Re: [Patch/rtl-expand] Take tree range info into account to improve LSHIFT_EXP expanding


Jeff Law writes:

>> +	    && ! unsignedp
> Don't you need to check that the conversion is actually a sign 
> extension.  Oh, you're relying on the signedness of ops->type.  That 
> should be sufficient.

  Exactly.

>> +		if (GET_MODE_SIZE (rmode) < GET_MODE_SIZE (mode)
>> +		    && TREE_INT_CST_LOW (treeop1) < GET_MODE_BITSIZE (word_mode)
>> +		    && ((TREE_INT_CST_LOW (treeop1) + GET_MODE_BITSIZE (rmode))
>> +			>= GET_MODE_BITSIZE (word_mode)))
> I keep having trouble with this.  I think the key to why this works is 
> you don't actually use the source of the conversion, but instead the 
> destination of the conversion (held in op0).

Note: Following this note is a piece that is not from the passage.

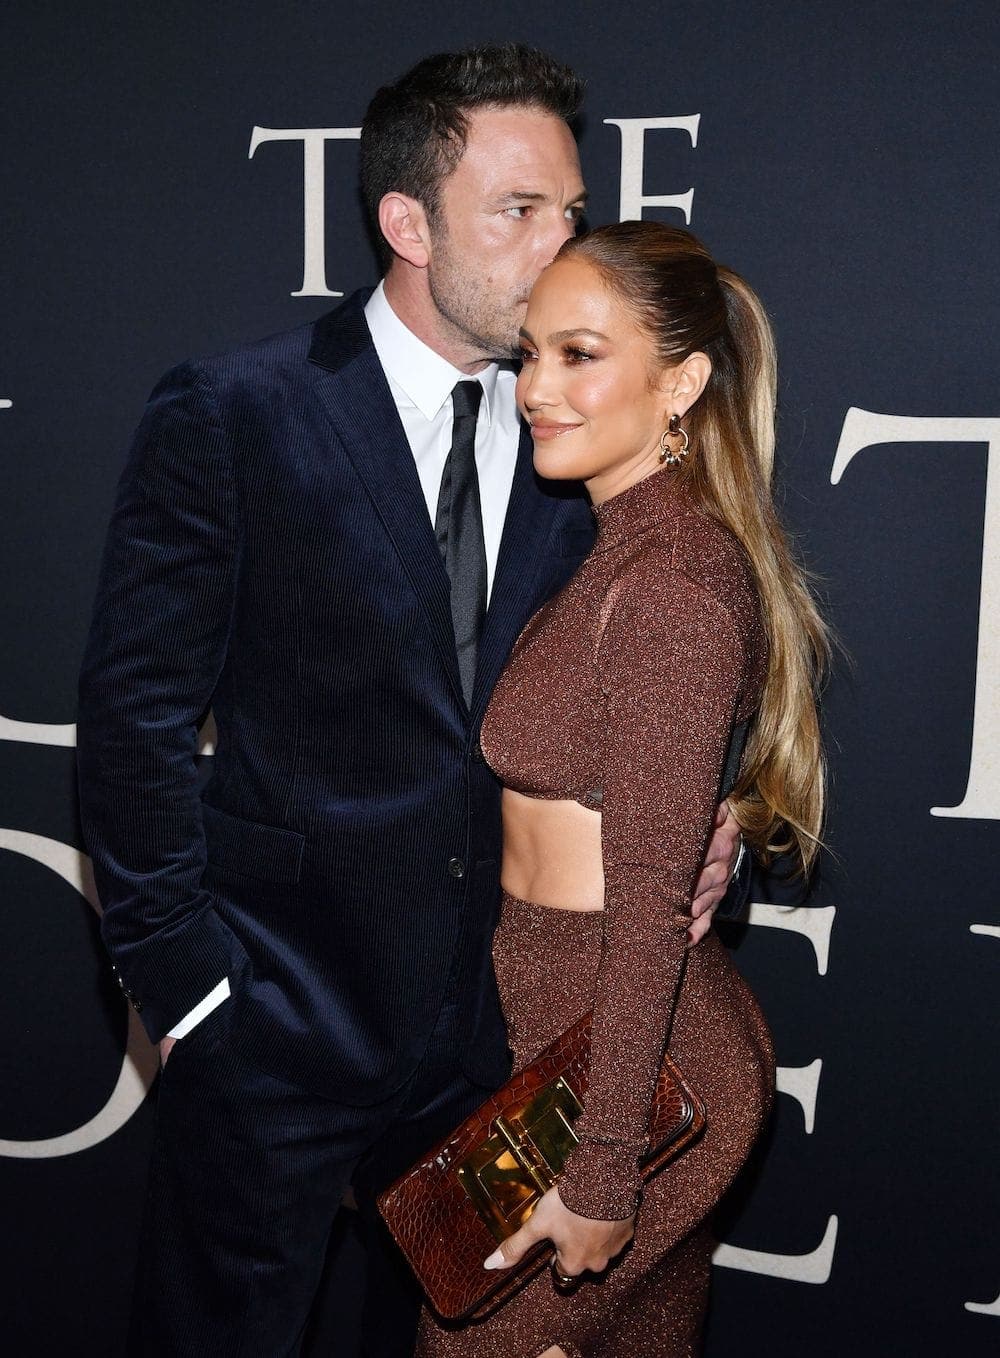 Jennifer Lopez looked stunning in a brown crop top at her beau Ben Affleck's film 'The Last Duel' premiere at the Lincoln Center in New York on October 9, 2021.

  Yes, my thought is given any narrower type, the

  op0 = expand_expr (treeop0, subtarget, VOIDmode, EXPAND_NORMAL);

  Will do necesary sign extension, then finally want we get from op0 is
  a "2 x word_mode_size" register whose high part contains duplication
  of sign bit, and low part contains the source of the conversion if the
  narrower mode is word_mode_size, or contains sign extened source, but
  either way, the low part can be used as our new shift operand. And the
  high part of op0 generated from above expand_expr is actually dead
  which will be removed by later optimization pass.

>
> So this is OK for the trunk with the typo & whitespace nits fixed.

During my final testing of the patch on arm, mips32, mips64, powerpc32,
powerpc64 I do found two new issues:

  * As you have mentioned, this patch do have endianness issue!
    Although the new testcases (wide-shift-128/64.c) under gcc.dg passed
    my manual powerpc32/powerpc64 test which check combine pass rtl
    dump, but the generated assembly looks weird to me, then I found
    simplify_gen_subreg itself is not endianness safe. We need to use
    subreg_highpart/lowpart_offset to get the offset.    

    So I done minor modifications on the patch by using lowpart_reg and
    subreg_highpart_offset I think it's endianess safe now.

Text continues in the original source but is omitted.